───── Information supplied ─────

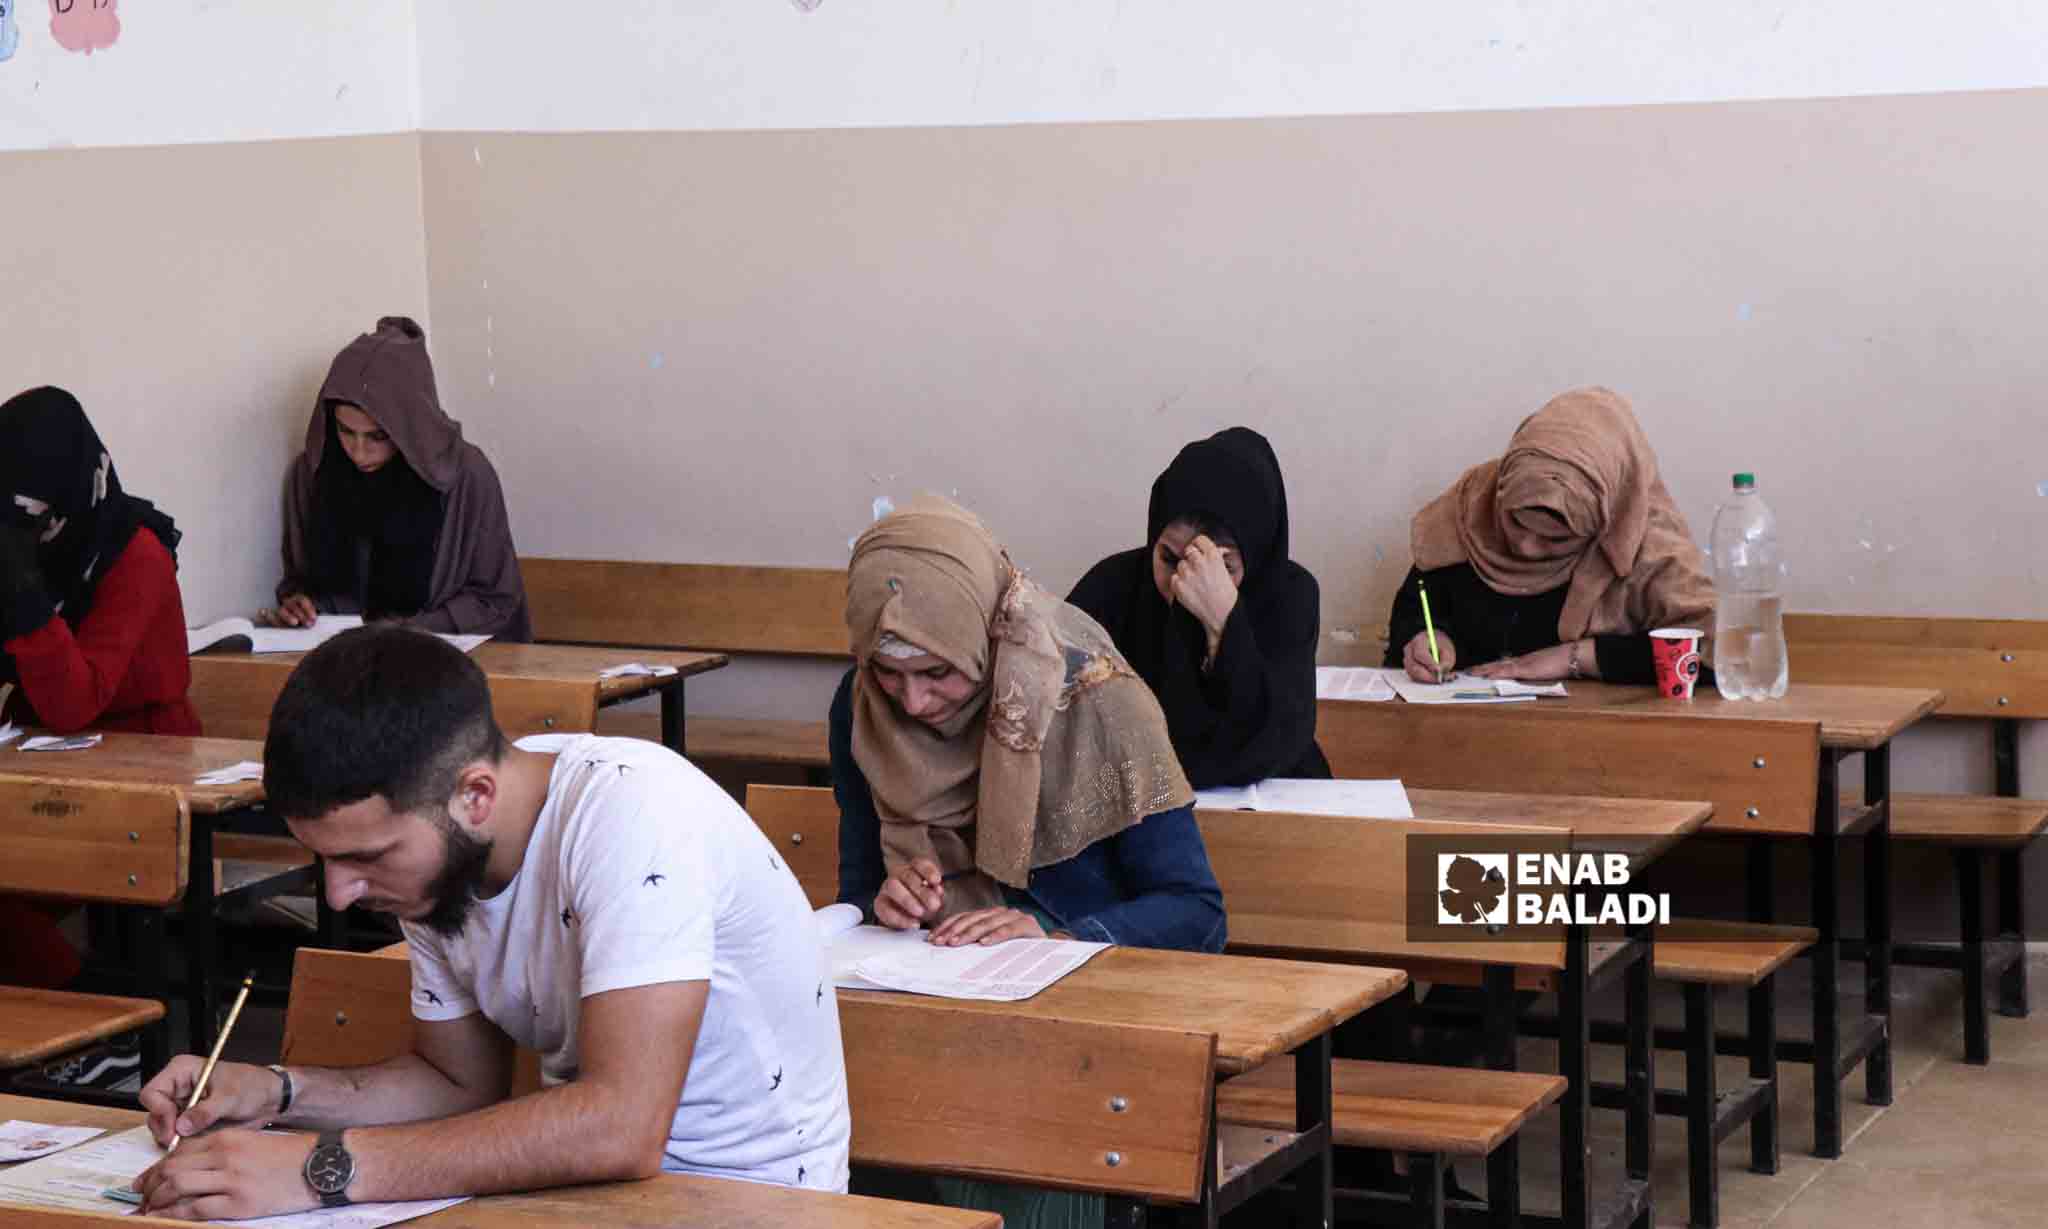 طلاب الشهادة الثانوية يدخلون مدرسة سالم المرعي لأداء امتحانات الشهادة الثانوية - 5 من تموز 2023 (/ حسين شعبو)
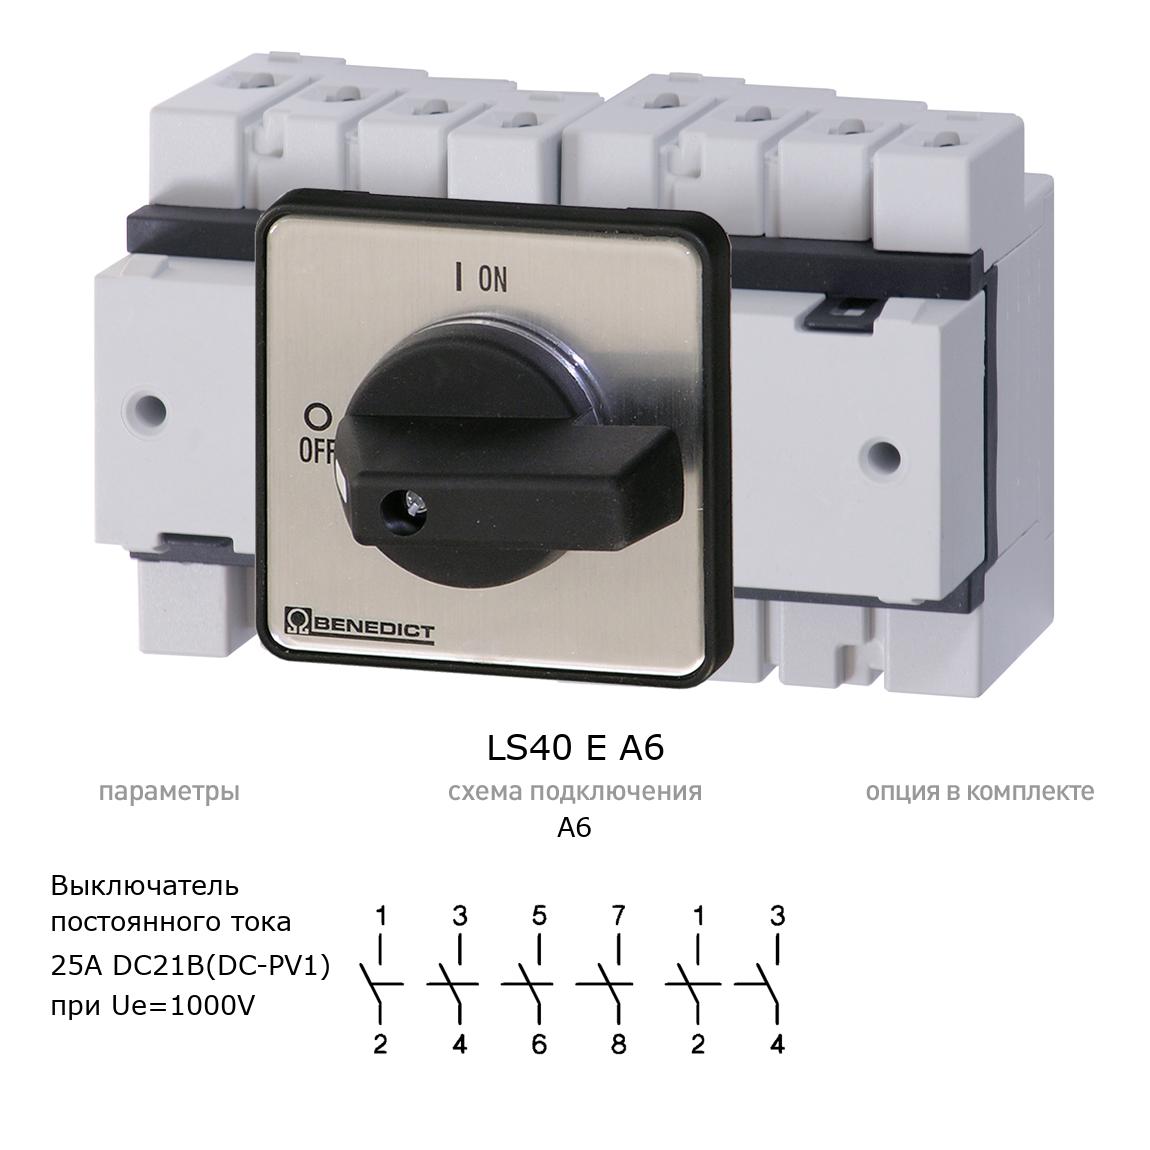 Кулачковый переключатель для постоянного тока (DC) LS40 E A6 BENEDICT
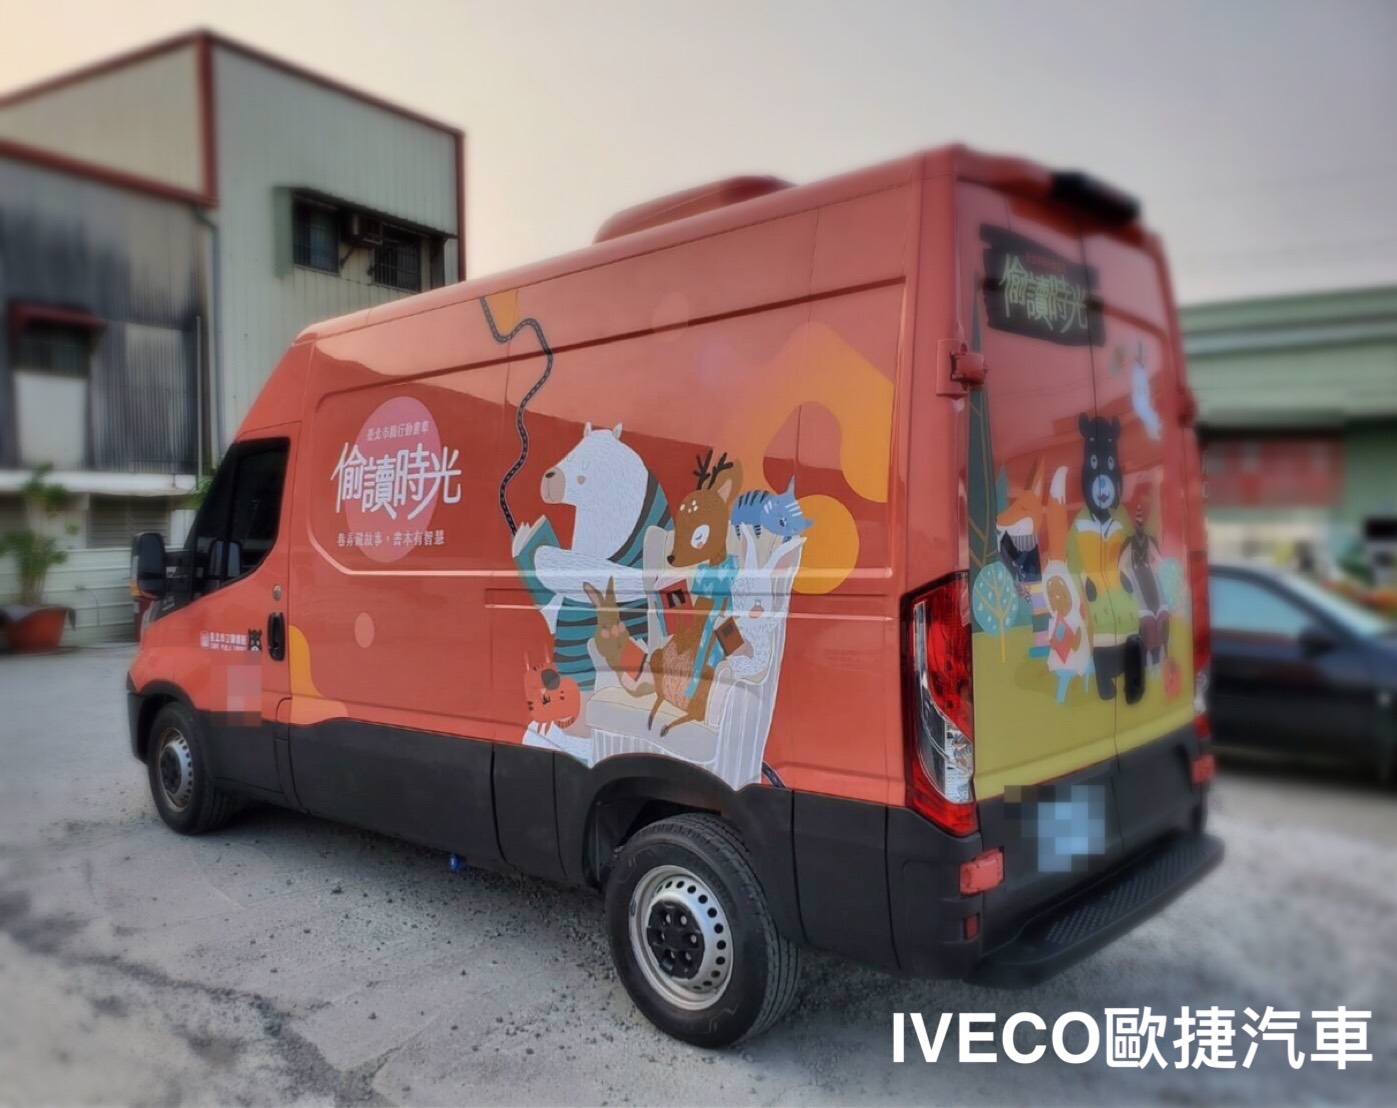 台北市立圖書館行動書車-iveco行動改裝

─────

Try it –
Could you reproduce the listing above exactly and drop every picture?

Written solution –
 طلاب الشهادة الثانوية يدخلون مدرسة سالم المرعي لأداء امتحانات الشهادة الثانوية - 5 من تموز 2023 (/ حسين شعبو)
 Кулачковый переключатель для постоянного тока (DC) LS40 E A6 BENEDICT
 台北市立圖書館行動書車-iveco行動改裝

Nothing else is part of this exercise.